Dodicesima notte – Deverell

Dodicesima notte   Deverell

“La dodicesima notte” fu scritta nell’autunno-inverno del 1849 ed espose la primavera successiva all’Istituto Nazionale, nella sala d’acqua con il dipinto “Ansilla Domini Essay!” Rossetti. Sebbene Deverell non sia mai stato formalmente membro della Confraternita preraffaellita, è stato parte integrante di questo cerchio, condividendo i loro obiettivi e interessi – secondo la gazzetta letteraria, “creando composizioni caleidoscopicamente colorate” sui temi di Shakespeare e rielaborando giocosamente i motivi dell’arte medievale. Nell’immagine, questi motivi si riflettono nei costumi luminosi di due pagine nell’angolo in basso a destra, oltre il quale si può vedere un musicista nero con campane, trasferito su una tela dal manoscritto del 14 ° secolo.

Il gruppo triangolare congelato di personaggi principali ricorda in modo sorprendente la composizione di Silvia salvatrice di Hunt’s Valentine da Proteus, che, a sua volta, potrebbe essere stata influenzata dalla composizione ieratica del trittico con Due San Giovanni dell’artista fiammingo Hans Memling, che Hunt vide a Bruges. Deverelli impara anche la pratica dei preraffaelliti: usa gli amici come modelli. Lo stesso artista, noto per il suo aspetto piacevole, si è ritratto come sofferenza dell’amore senza speranza del duca di Orsino. Rossetti in posa per un giullare Feste.

Con Elizabeth Siddal, che per la prima volta ha lavorato come modella per il film preraffaellita, Deverell ha scritto Viola, mascherata da una pagina di Cesare.

Deverell si è specializzato in trame shakespeariane, essendo un buon attore dilettante. La sua immagine, dedicata alla quarta scena del secondo atto della Dodicesima notte, riflette una profonda comprensione delle sottigliezze della trama e dei personaggi. Orsino, tormentato da un amore non corrisposto per Olivia, siede pigramente sulla terrazza, tra il giullare, cantando “Vola dentro, vola dentro, morte”.

L’armonia esterna di ciò che sta accadendo è spezzata dalle espressioni e dalle posizioni dei protagonisti, che, evitando consapevolmente i gesti retorici maestosi associati alla rappresentazione teatrale, rivelano i loro sentimenti e aspirazioni interiori.

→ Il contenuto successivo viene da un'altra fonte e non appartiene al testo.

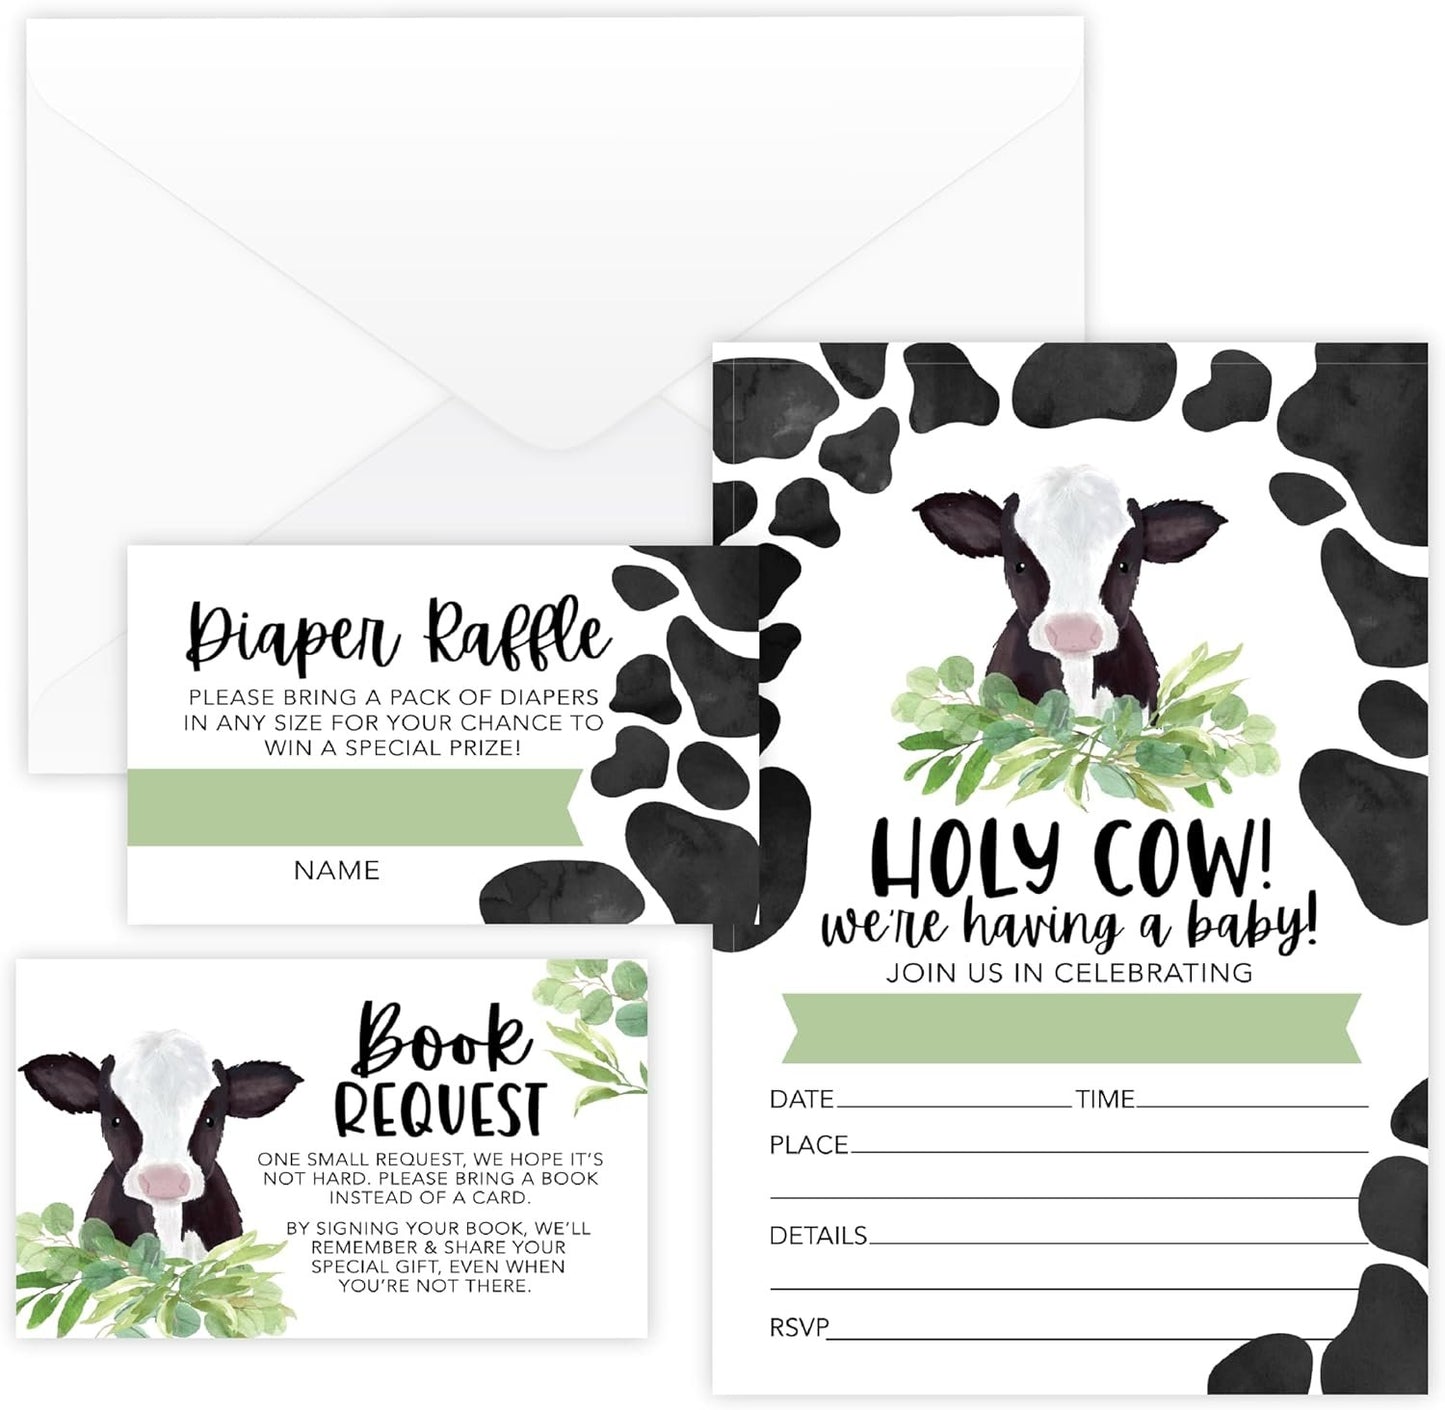 15 Holy Cow Baby Shower Invitations Gender Neutral - Baby Shower Invitations For Girl, Boy Baby Shower Invites For Boy, Baby Boy Shower Invitations, Baby Girl Baby Shower Invitations With Envelopes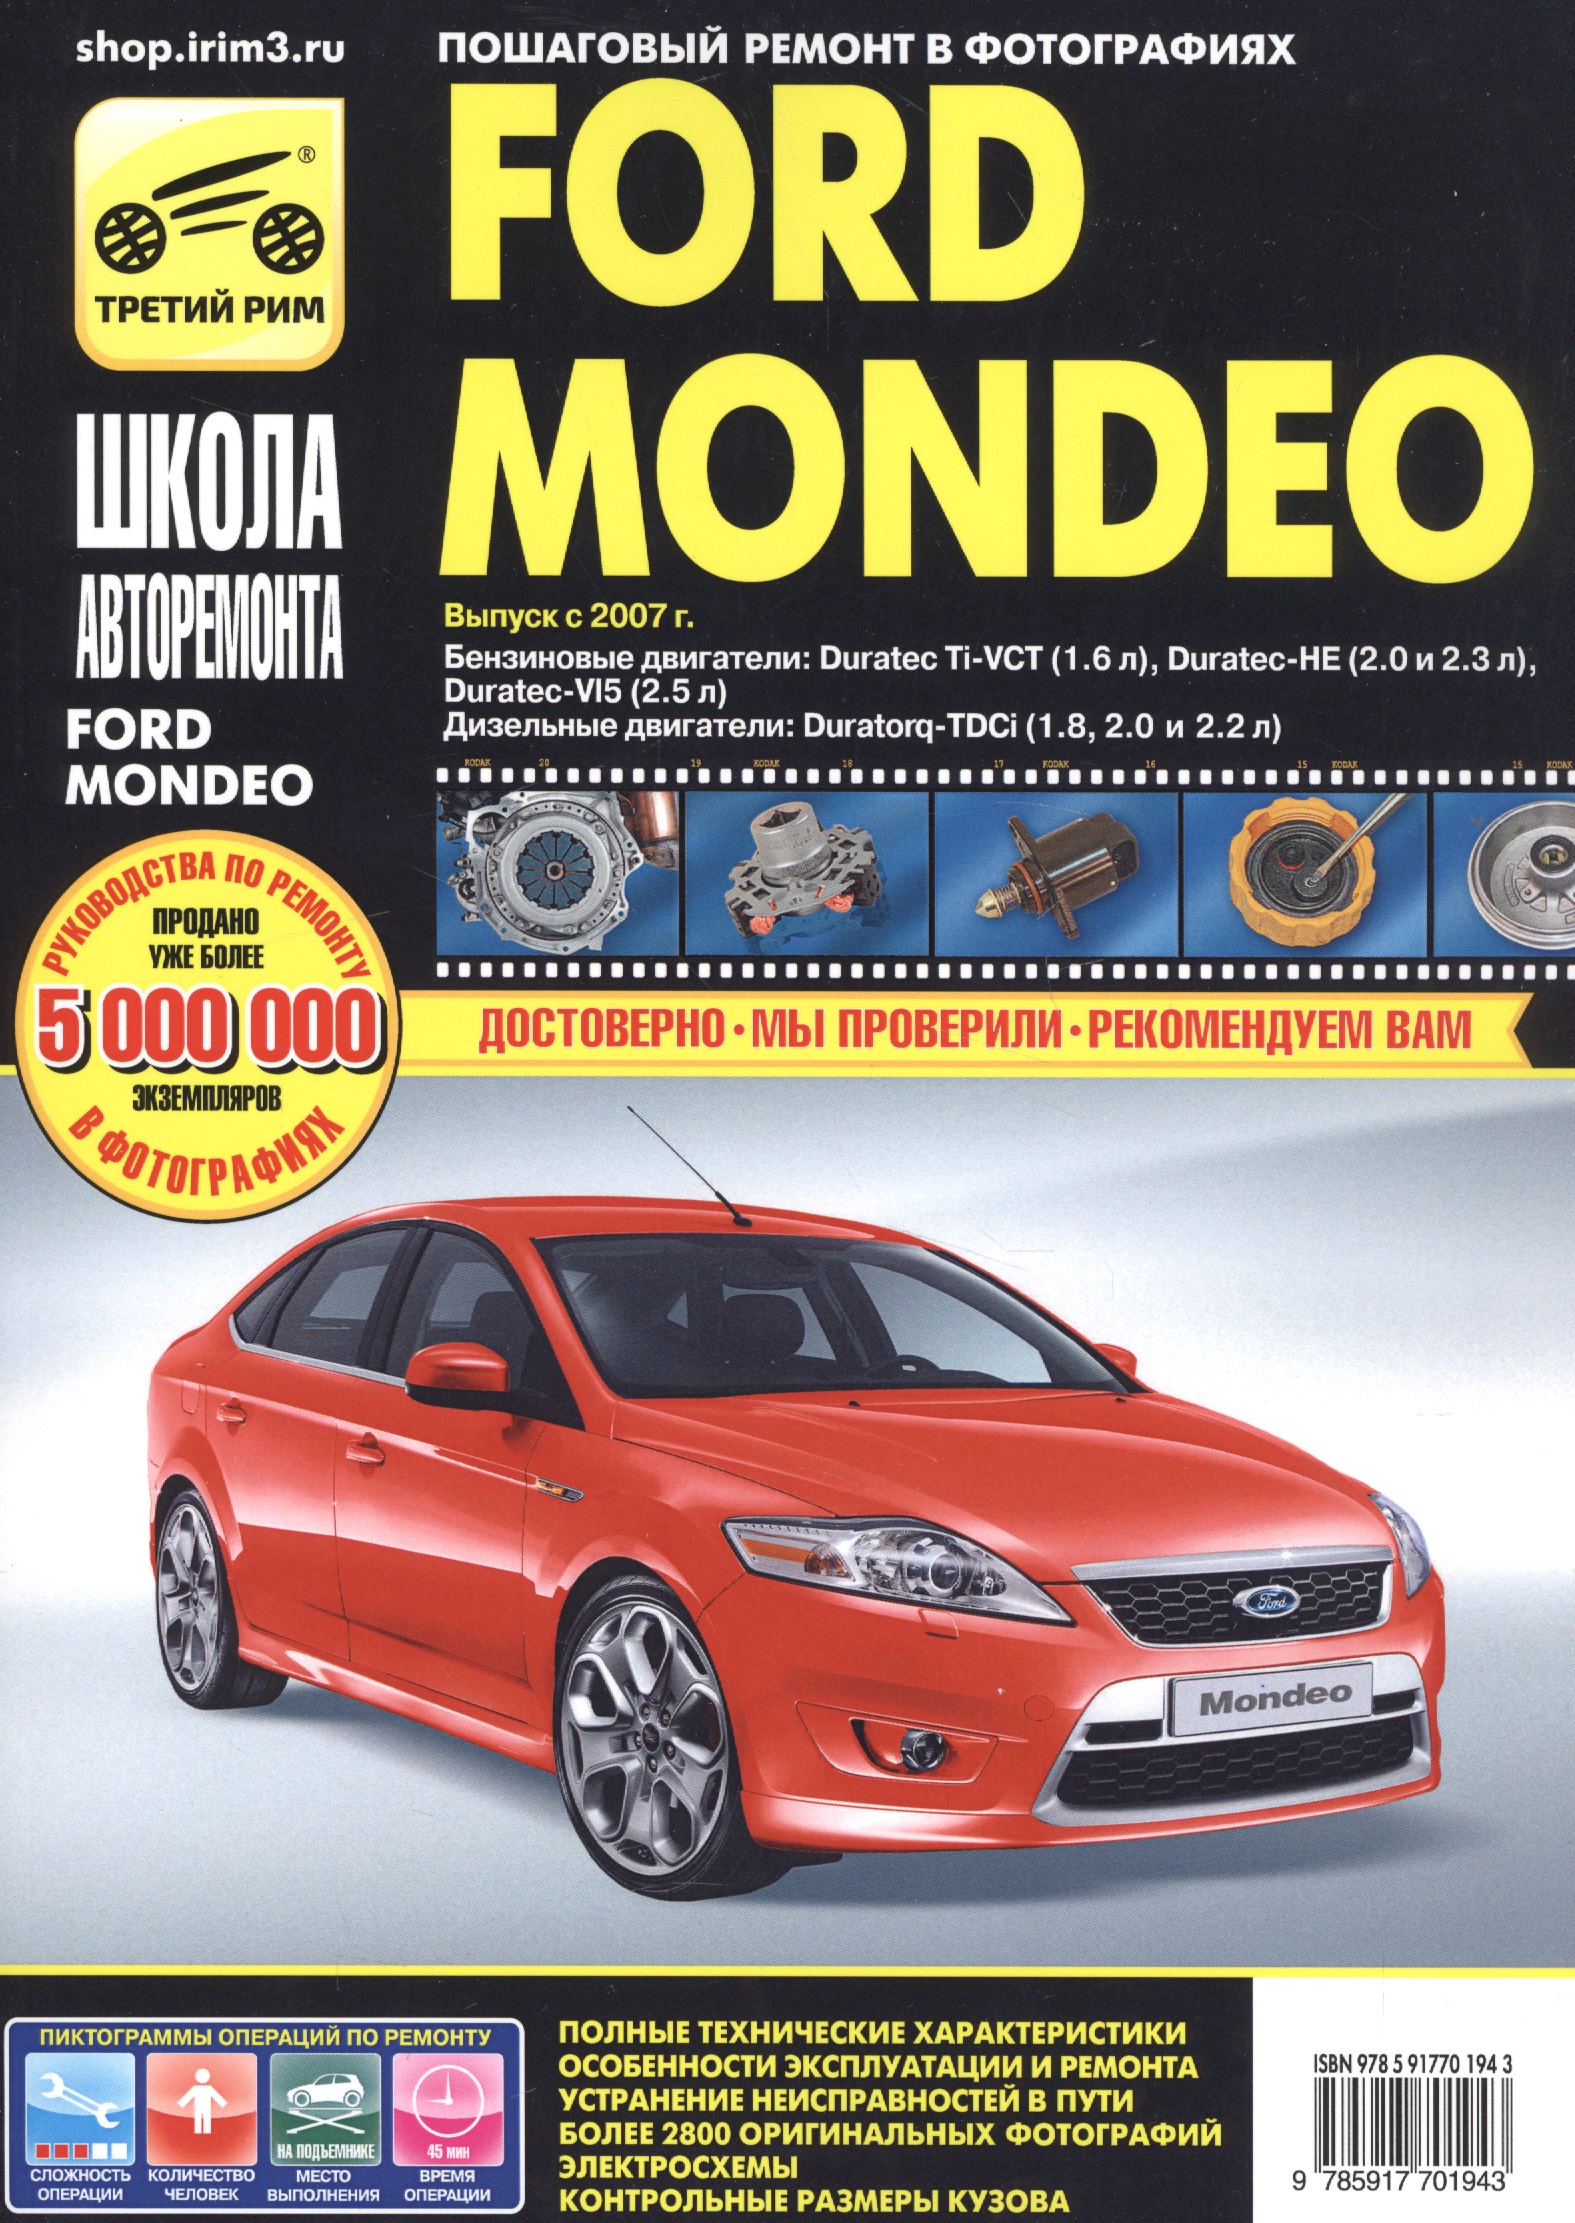 Ford Mondeo ././.  2007 . . . 1.6 2.0 2.3 2.5 . . 1.8 2.0 2.2 /  .  .// 2007 .//

Feste copia beffardamente la posa dell’ospite, che siede, appoggiandosi indietro malinconico e torcendosi una ciocca di capelli. Chinando la testa di lato, Orsino evita lo sguardo di Viola, che siede modestamente e pazientemente, “come un monumento”, incantato dalla presenza del duca. I veri sentimenti dell’eroina sono accennati dalla rosa, che tiene, passiflora sulla balaustra, capelli rossi, il colore dei vestiti e la guaina viola sulla sua coscia.

Viola si appoggiò su una panchina decorata con un’immagine scolpita di un teschio circondato da una ghirlanda di rose. È un simbolo della transitorietà dell’amore e della bellezza del corpo, ovvero il leit motiv del gioco.

Sebbene l’azione si svolga sotto l’arco del proscenio, la combinazione di vari elementi confonde l’occhio. La colonna su cui si basa Orsino si trova di fronte, come se non lontano dallo spettatore. Il muro con i gradini si spezza improvvisamente, e le figure direttamente dietro Orsino e Feste sembrano troppo grandi, specialmente se le confronti con i musicisti a sinistra.

Pertanto, lo sfondo gioca il duplice ruolo dello spazio reale e lo sfondo teatrale, uno sfondo illusorio per una situazione difficile, svolto di fronte allo spettatore. Forse l’elemento più eccentrico della composizione sono due pagine, che si trovano a un livello indefinito a destra. Il ragazzo più vicino allo spettatore gira distrattamente un pulsante su un filo, e questo tratto originale incarna l’idea di un momento congelato.